I sat up and shot him a venomous look. I had spent most of the day on the edge of the pool reading a book, sighing at five minute intervals to remind everyone around of my existential ennui. I was determined not to suffer in silence this year. If I was miserable, so was everyone else.

“I’m bored,” I said.

“Go and read a book.” Eli didn’t even bother to sit up.

“Very funny,” I snarled, throwing the book at him. It missed his head by about three miles.

“Here’s what you could do,” he suggested, without so much batting an eyelid. “Go learn to throw.”

I leapt to my feet and stalked back to the house, followed by his snorts of laughter.

I paused in the large, echoing hall. The house was stuffy and still from being unoccupied all day. I didn’t fancy going up to my room, there was nothing to watch on TV and we wouldn’t be eating until my parents got back, which wouldn’t be for at least an hour. And back by the pool was Eli.

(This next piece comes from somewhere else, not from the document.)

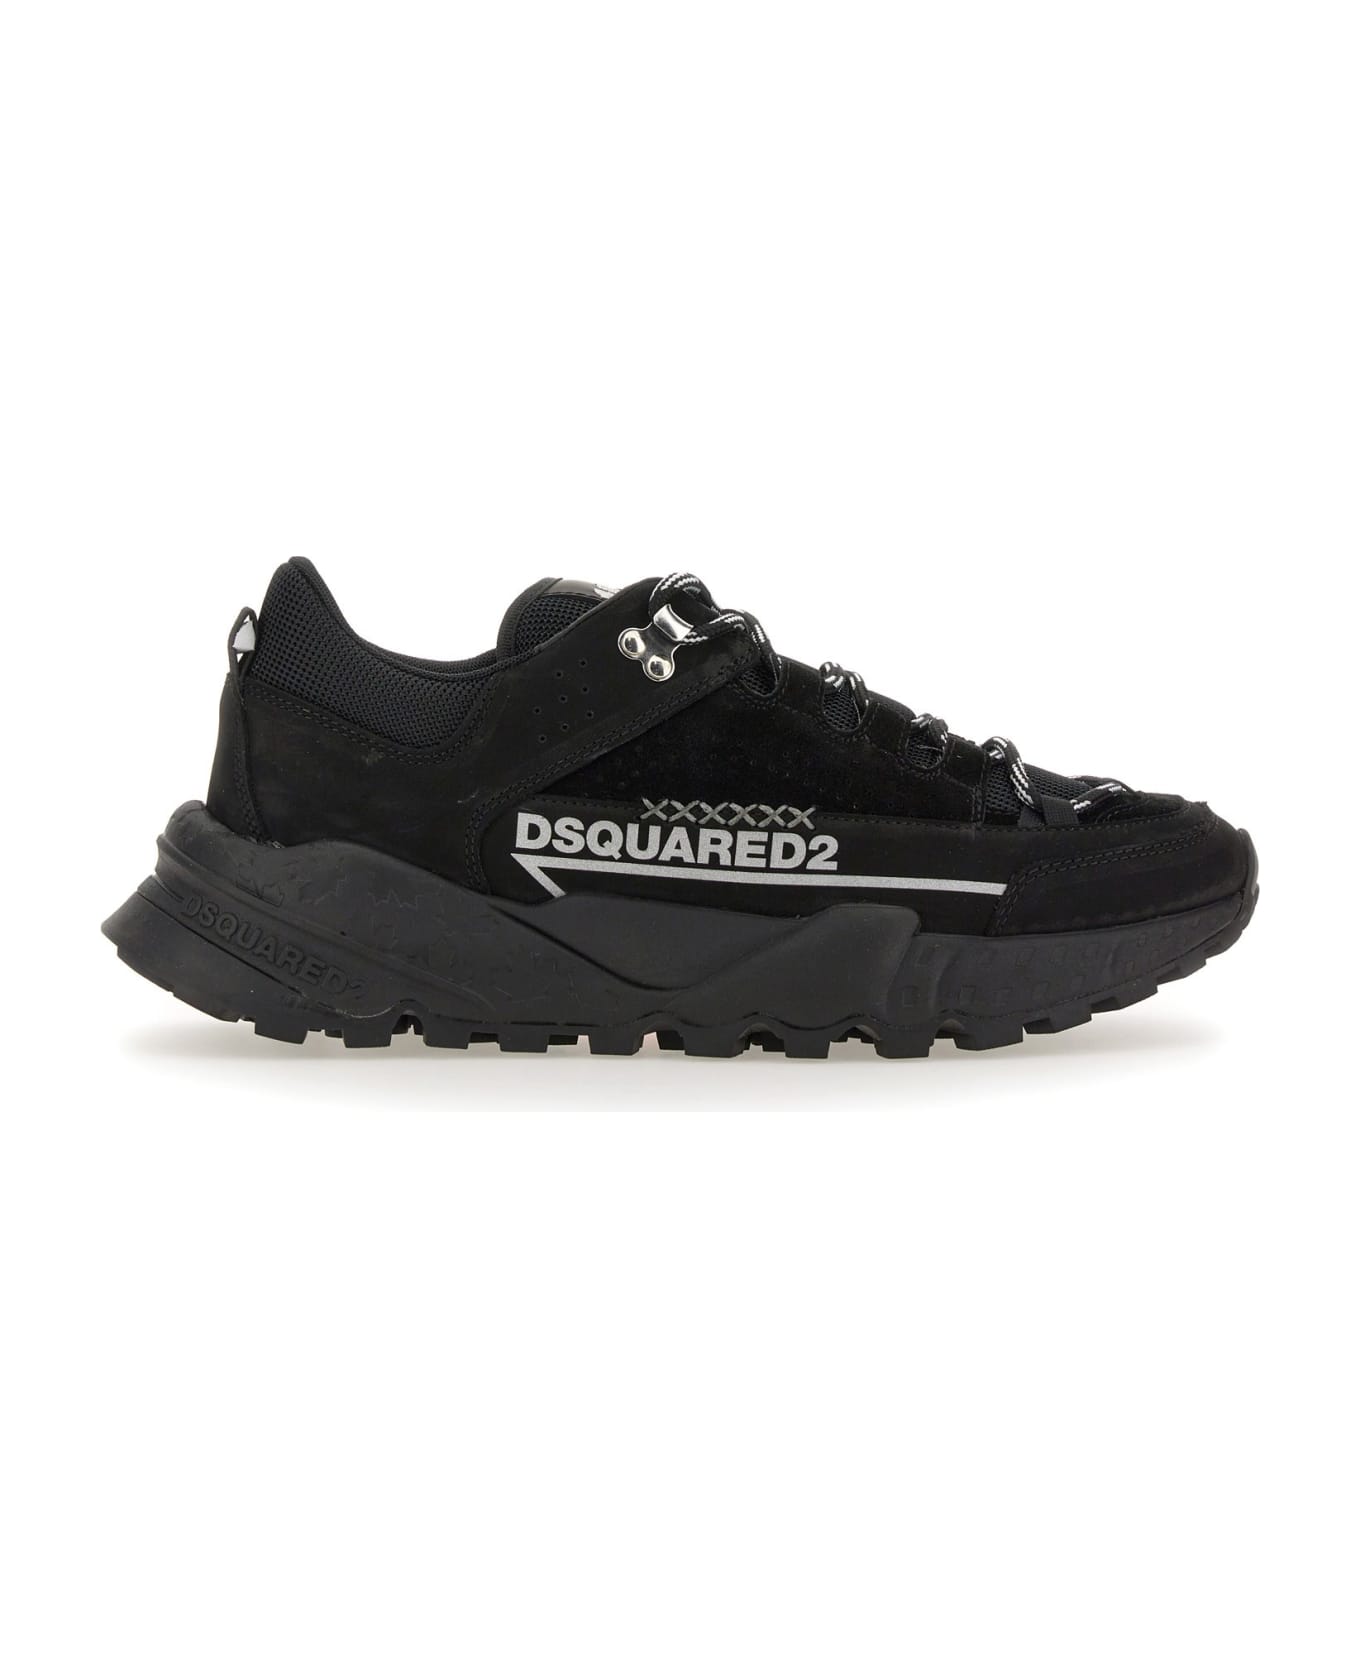 Dsquared2 Free Lace-up Low Top Sneakers - Black スニーカー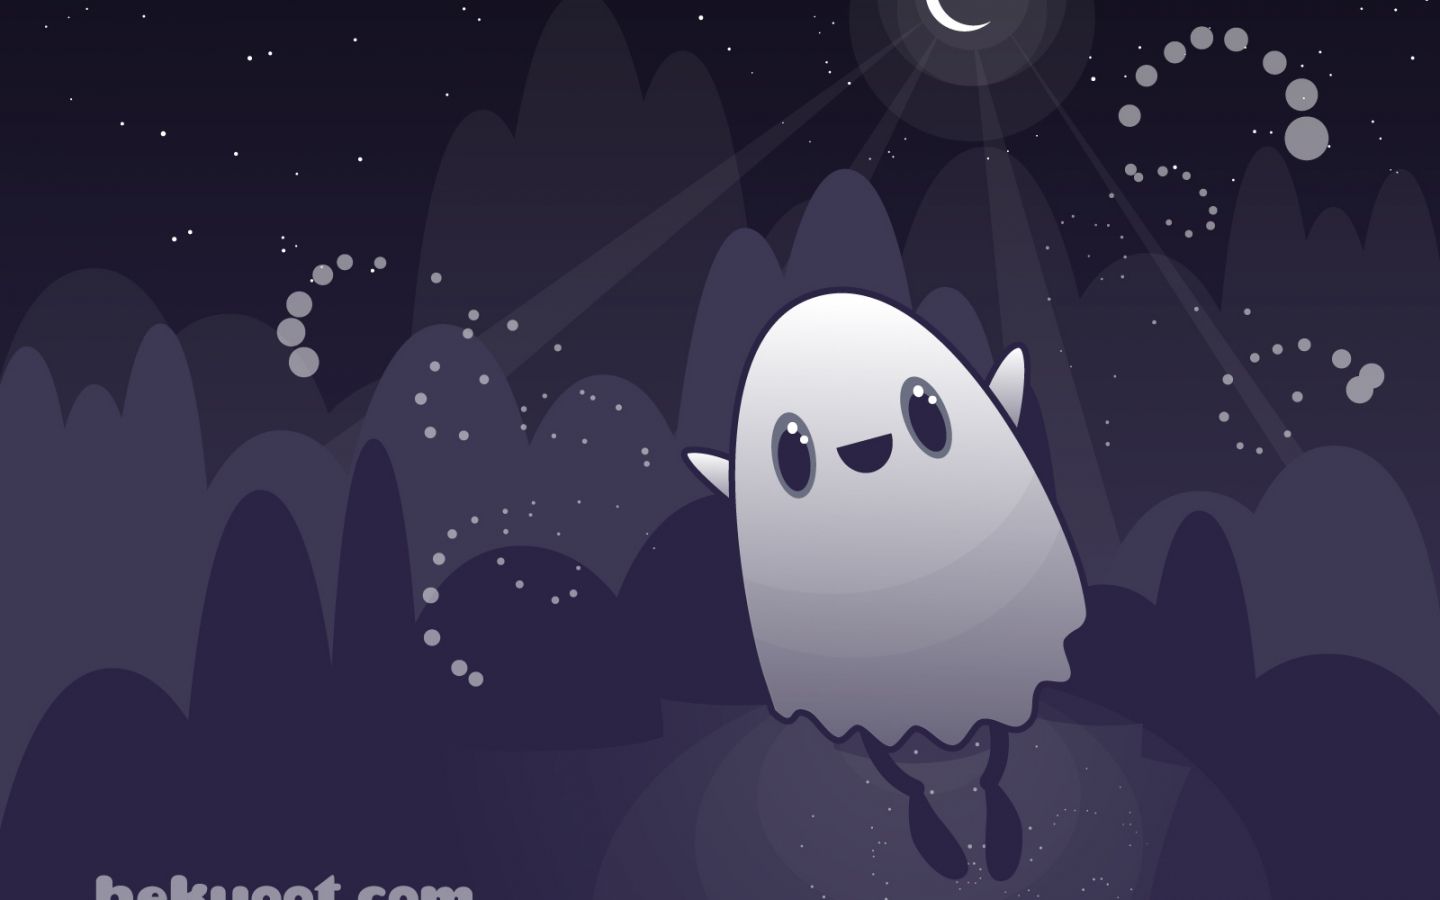 Free download Cute Ghost Wallpaper Bu the ghosts night flight [1600x1200] for your Desktop, Mobile & Tablet. Explore Cute Ghost Wallpaper. Cute Halloween Desktop Wallpaper, Ghost Wallpaper Free Download

I grabbed a pair of flip-flops from the hall and a dress off the washing line and left through the side gate.    

Of course, it didn’t help my general languor that I lived in a dump of a town where nothing ever happened. Correction, where nothing interesting ever happened. Blackwith End was mainly inhabited by the rich but not the famous. Bankers and lawyers had their weekend retreats here, as did the occasional oil tycoon, but so celebrities, no matter how minor, frequented the place. Blackwith End had charm but no glamour. Saint Tropez we were not. Most of the houses were unoccupied most of the year, and the rest were lived in by older people who had refused to sell up and stubbornly clung to their houses, smug in the assertion they were holding out against the big corporation. Who the big corporation was, they had no idea, but they could boast about it when they attended bridge meets with their friends.  

This of course meant there were very few people of my age, and the few that were only came here on occasion, and tended to spend the summer in more exotic locations. Tourists did come our way, but they tended not to mix with the locals.

I strode down the high street, casting a glum eye over most of what I saw. The cafés were winding down for the night and the restaurants were just staring up. Frazzled, over heated families were laughing and chatting animatedly together, rehashing their day and planning the next one. I felt a yearning to be amongst them, to laugh and talk and not feel crushed by this incurable boredom.